What Causes Cobwebbing?

Now, let’s take a deeper look to understand what causes cobwebbing in the conformal coating spray process. The cobwebbing effect, at its core, is one result of an adhesive or coating drying too quickly. Most traditional coatings consist of a polymer base (acrylic, urethane, synthetic rubber--the materials that make up the actual coating) combined with one or more solvents, sometimes referred to as thinners.

Solvents and thinners are almost always necessary as polymers on their own are too thick and flow well through machinery and coating equipment. Conformal coating viscosity is a tricky balance to manage. Solvents and thinners also help the coating to flow and cover the PCB surface evenly, which would not be possible with the polymer on its own. 

Related Article: How to Measure Conformal Coating Viscosity: Tools and Devices


When a coating is applied via atomized spray, air is applied to the liquid coating in the application valve (usually at the nozzle) to break it up into smaller droplets. Cobwebbing occurs due to one or more of the following factors:

  • Inadequate amount of thinner in the formula 
  • The selection of evaporating thinner solvent works too quickly (in midair) 
  • Air pressure on the valve is set to atomize too highly/finely 
  • The spray valve is positioned too high above the substrate 

It is the manipulation and optimization of mainly these above four factors that will eliminate cobwebbing while still producing an acceptable spray pattern and flow of the coating. 


3 Quick Fixes: Cobbwebbing Solutions

Let's get to some answers! We have a basic understanding of what causes cobwebbing, and we can take a look at the steps you can take to eliminate these problems. Unlike some trickier application issues, improving or eliminating conformal coating cobwebbing involves some steps that are genuinely quick and reliable.

It may be that you can eliminate the problem using just one of the following actions, but it is often the case that you may end up using multiple or even all these fixes.


1) Lower the air or atomization pressure 

Probably the easiest and often the first thing to try. Since it does not involve changing mixing and such, just turning a dial and lowering the air assist pressure is often the best thing to try first. When valve atomization pressure is too high it can effectively “boil” the solvent in the coating mix due to its low vapor pressure.

Thethinners and solvents used in most conformal coatings have low vapor pressures by design. This reduces the drying and cure time of the applied liquid coating.

During the application setup process, users should start with an atomization pressure set to the lowest possible setting. Next, increase until the coating comes out in an even and consistent width. If you observe cobwebbing, then the atomization pressure is too high and should be lowered. 


2) Lower the valve height 

If you have tried lowering the atomization pressure to the absolute minimum and you still see cobwebbing, we then move on to adjustments to the valve height. When the application valve is too high, the thinner / solvent in the atomized droplet will evaporate before reaching the substrate.
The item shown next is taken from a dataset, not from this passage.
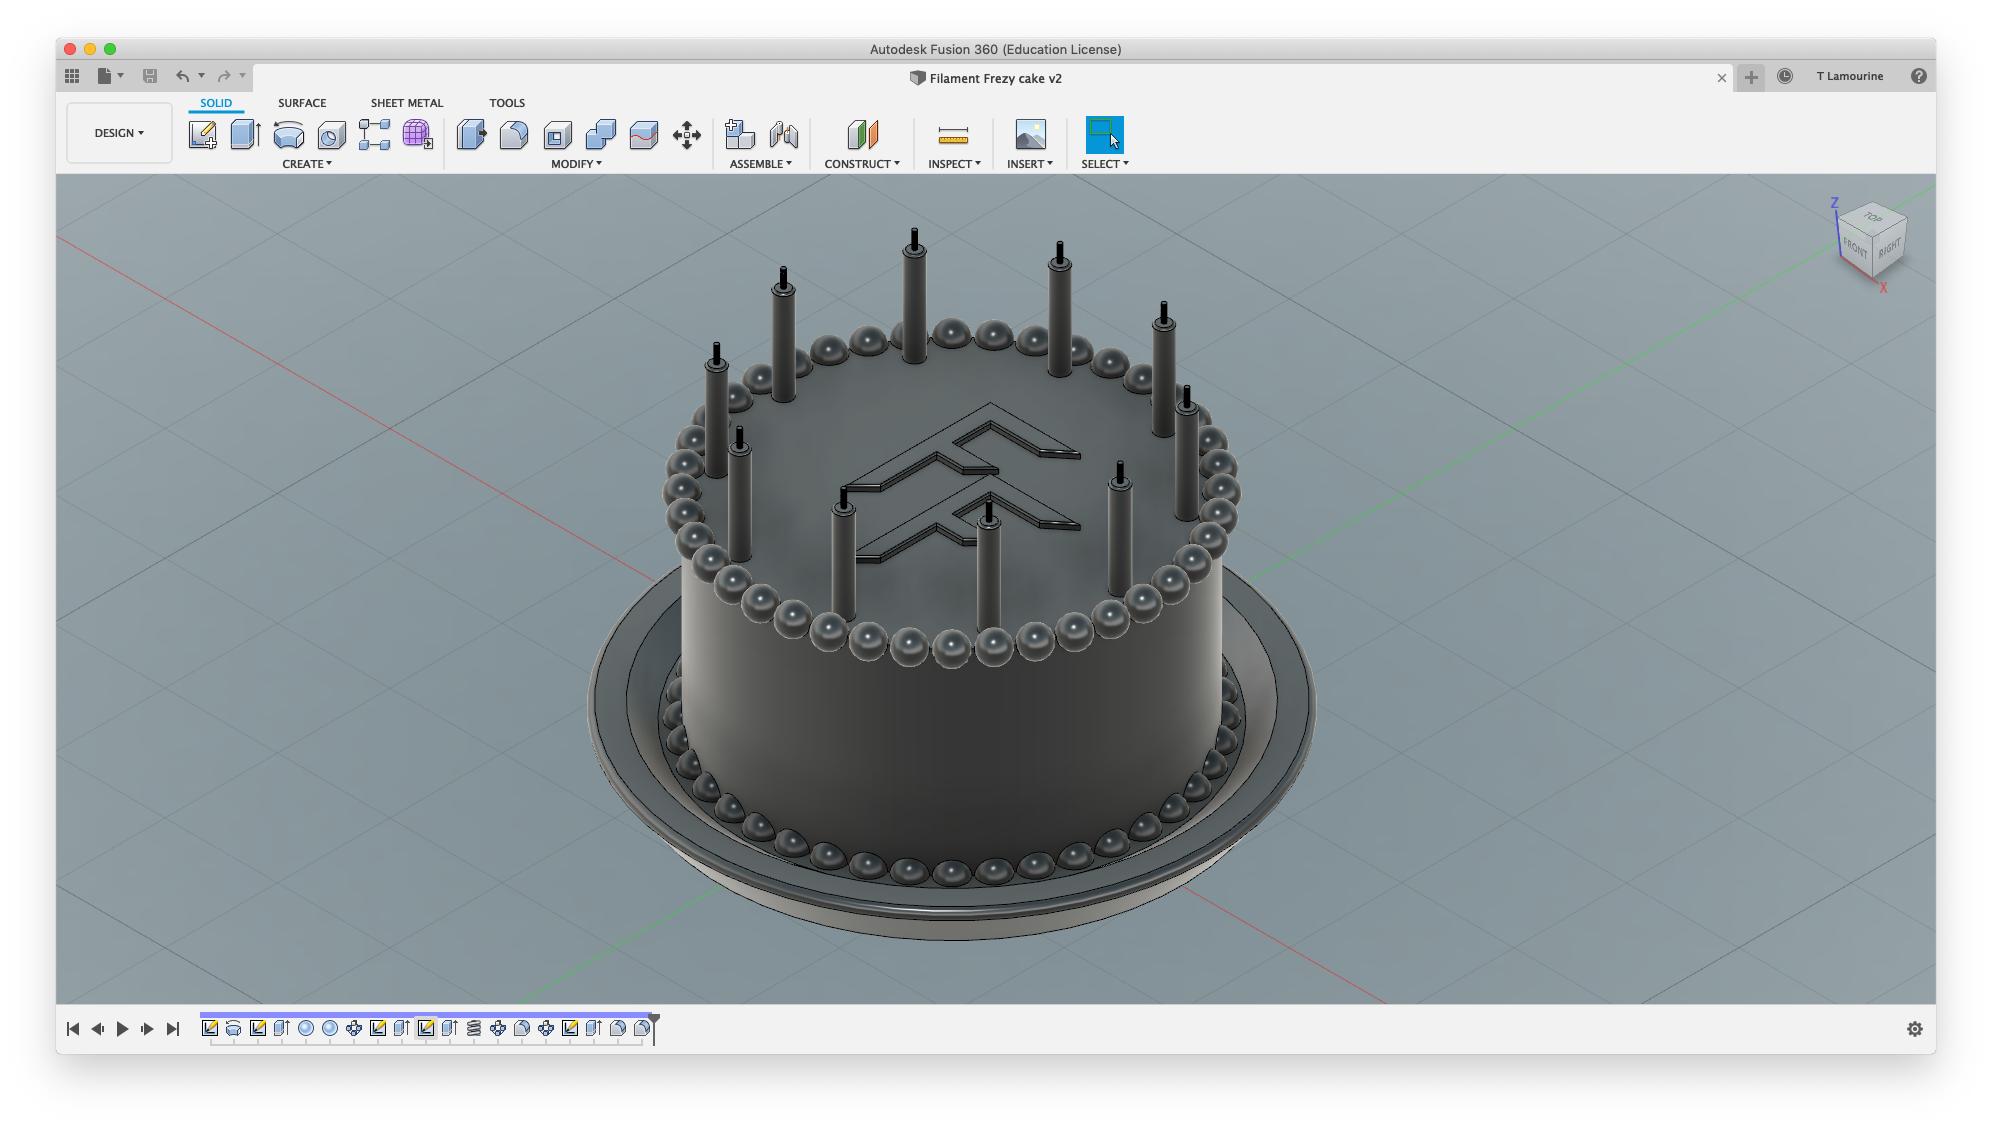 Birthday Cake- (Filament Frenzy) and blank Fusion file

Due to the wide variation in electronic assembly layouts, it’s not realistic to expect or plan for a single, set valve height for the entirety of the run. For most applications, the user will need to program the valve in such a way that the valve height changes to meet the topography of the underlying substrate, raising and lowering to the ideal distance for each component. The user should fine-tune the combination of atomization pressure and valve height to ensure cobwebbing is avoided. 


3) Use more or a slower evaporating thinner/solvent 

If at first and second you do not succeed, you still have one final option. Increase the amount of thinner mixed with the coating, or use a slower evaporating solvent altogether. (A combination of both works too!)  
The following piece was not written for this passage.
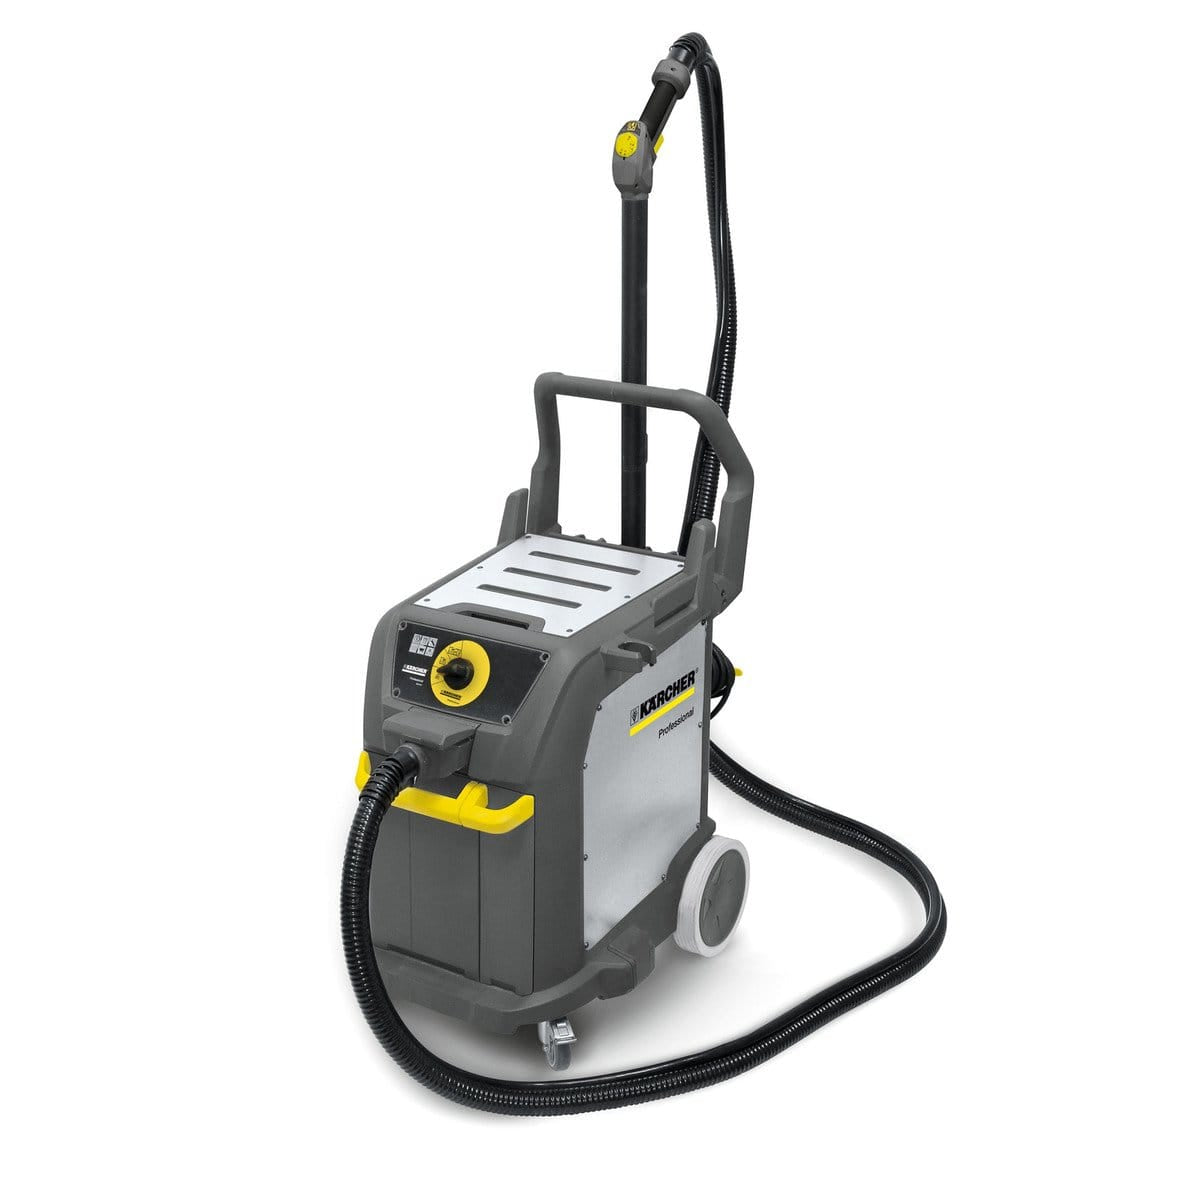 Karcher Steam Cleaner - SG 4/4 | Supply Master | Accra, Ghana Tools Building Steel Engineering Hardware tool

At the heart of it all, the coating is drying too fast is the root of all our problems. That can be slowed down either through the use of more solvent or a slower evaporating solvent. Both approaches will result in a slowing of the drying process and a reduction or elimination of cobwebbing. 

We often use 1:1 or 2:1 (coating to thinner) as a starting point for our mix ratios; however, certain conformal coatings and thinners can require the user to adjust this ratio (either up or down) to best suit their unique application process.

HumiSeal manufactures many standard and specialty thinning solvents designed for the optimization of specific characteristics--the speed of drying being an especially relevant one for our purposes here. In general, a slower evaporating solvent will result in a lowered risk of cobwebbing defects. Additionally, this is a great way to remedy problems with conformal coating bubbling.

The only limiting factor in these cases can be things such as environmental regulations a line speeds. For example, there are growing regulatory concerns with aromatic solvents and thinners that may require operational changes.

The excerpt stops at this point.